Data excerpt:
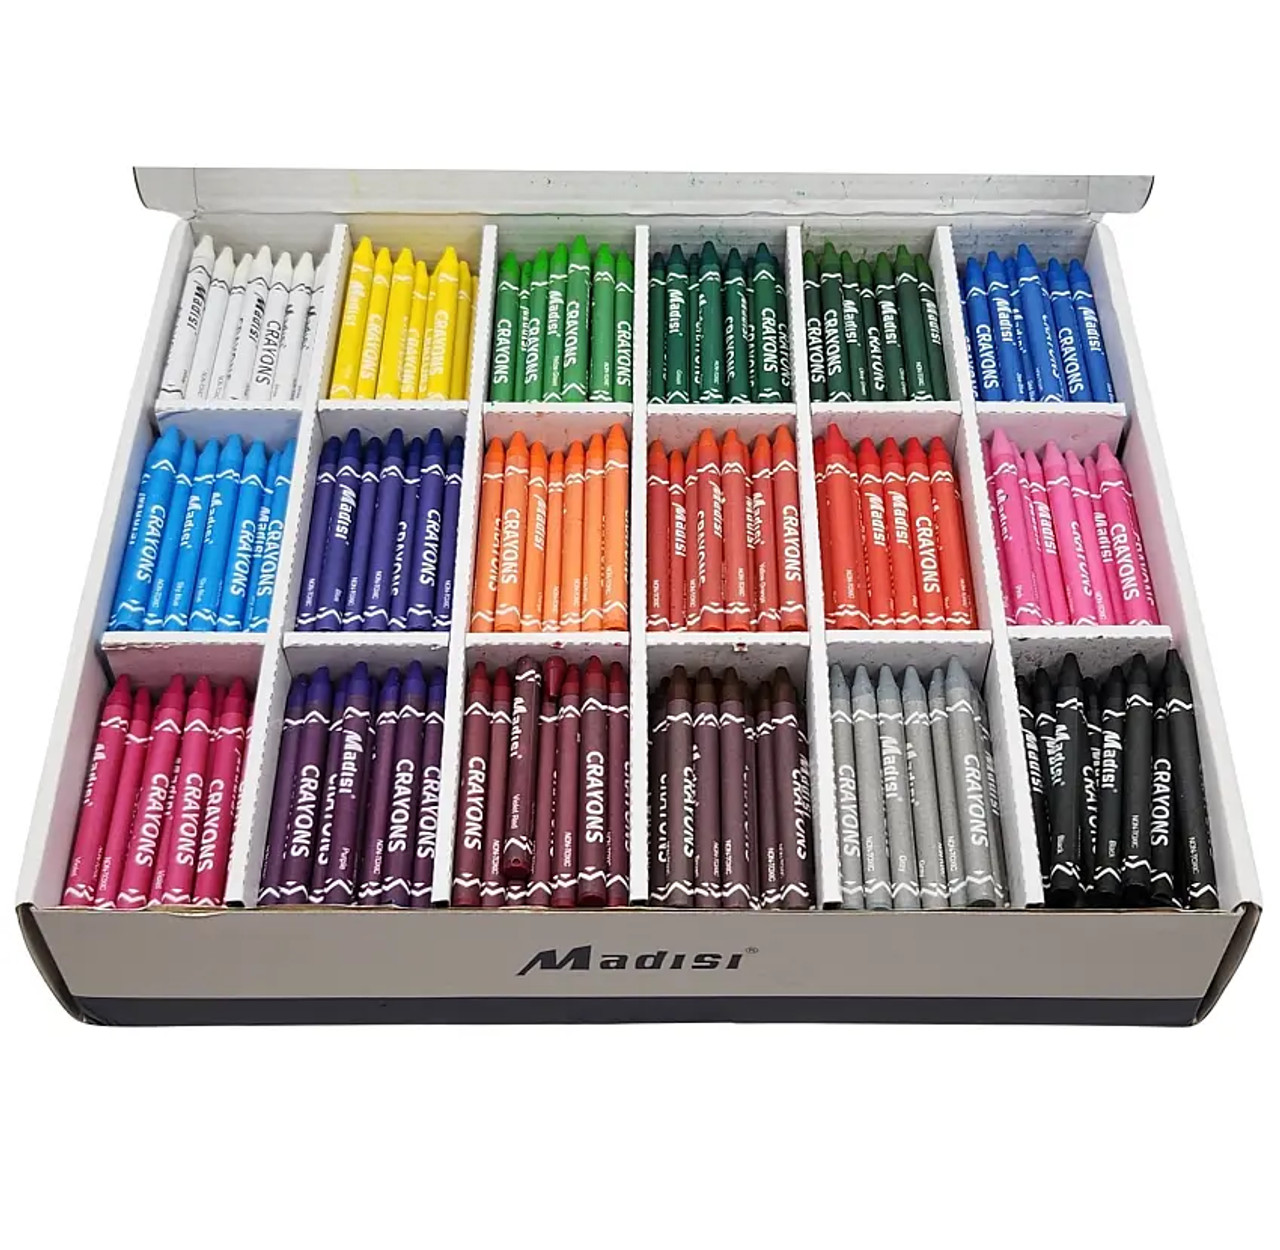 Box of Crayons 
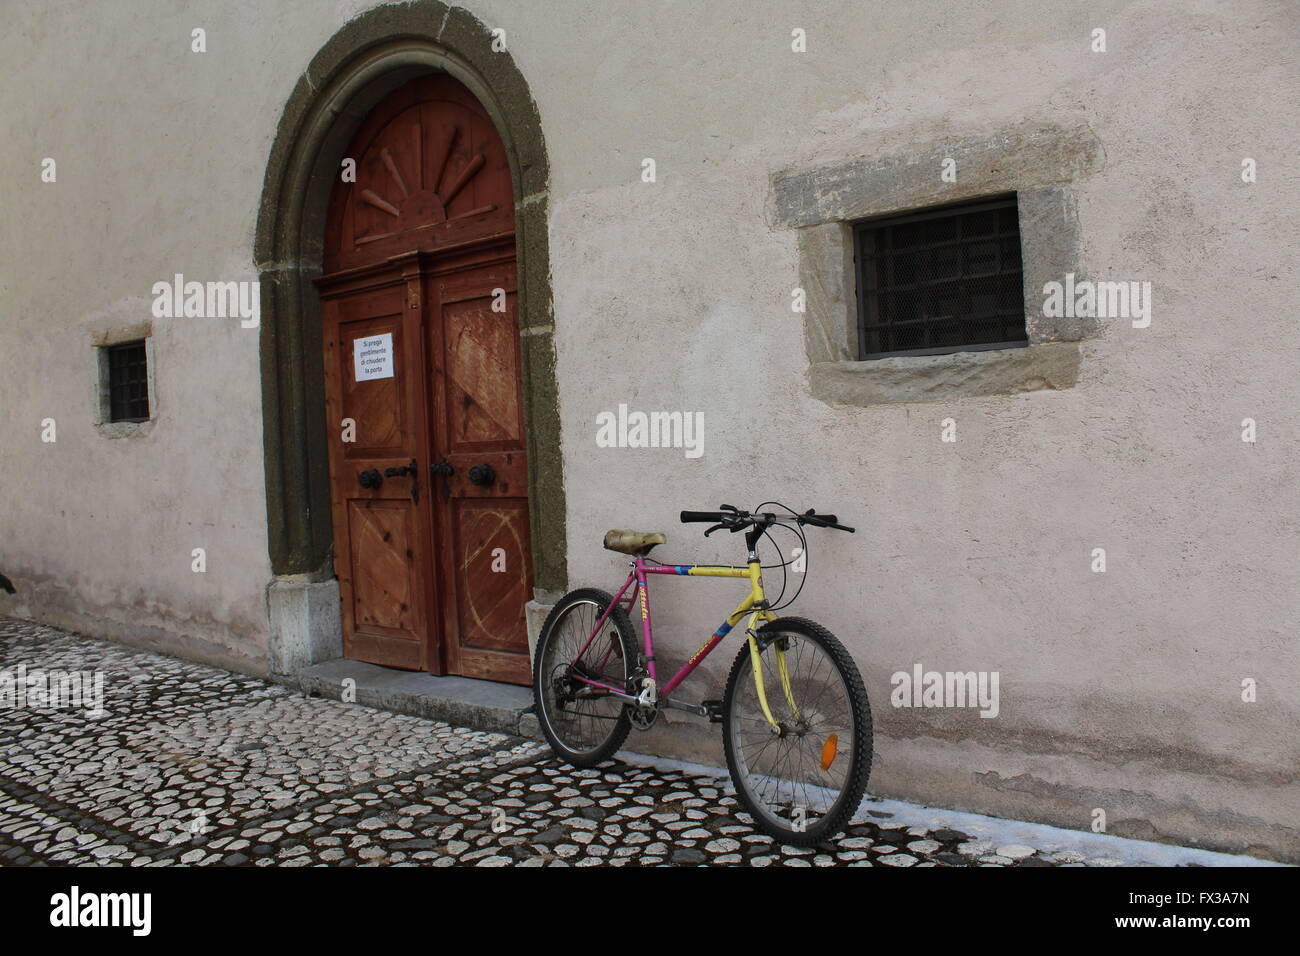 Un vélo de montagne aux couleurs vives s'appuie contre un mur de l'église rustique dans la ville de Pozza di Fassa, Trentin, Italie Banque D'Images
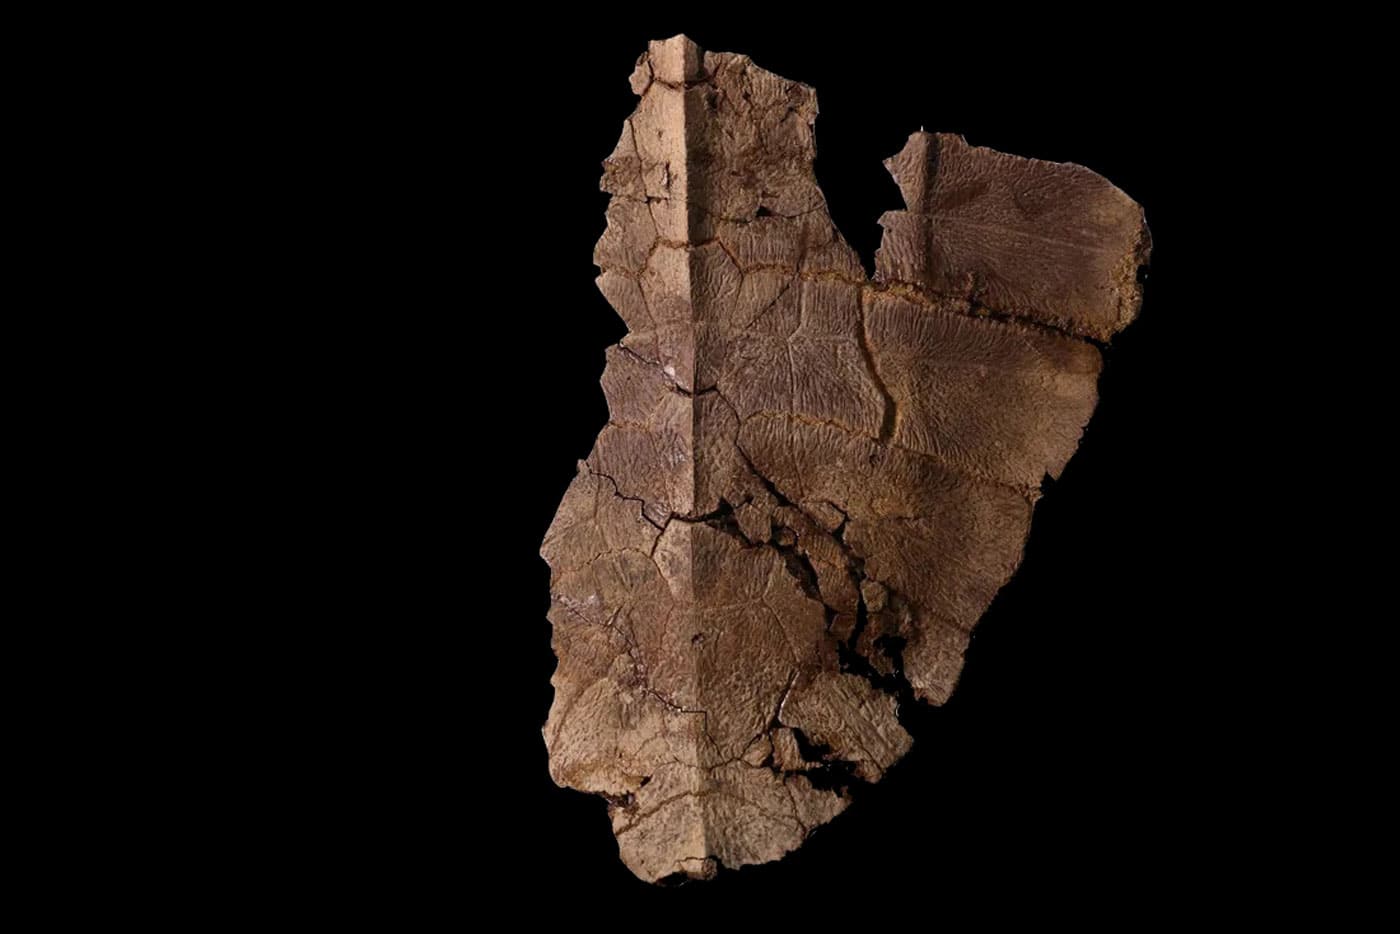 Los científicos encontraron ADN en un antiguo fósil de caparazón de tortuga

Assigned task: The material above is to be output exactly, with each picture left out.

Reply:
 Box of Crayons 
 Un vélo de montagne aux couleurs vives s'appuie contre un mur de l'église rustique dans la ville de Pozza di Fassa, Trentin, Italie Banque D'Images
 Los científicos encontraron ADN en un antiguo fósil de caparazón de tortuga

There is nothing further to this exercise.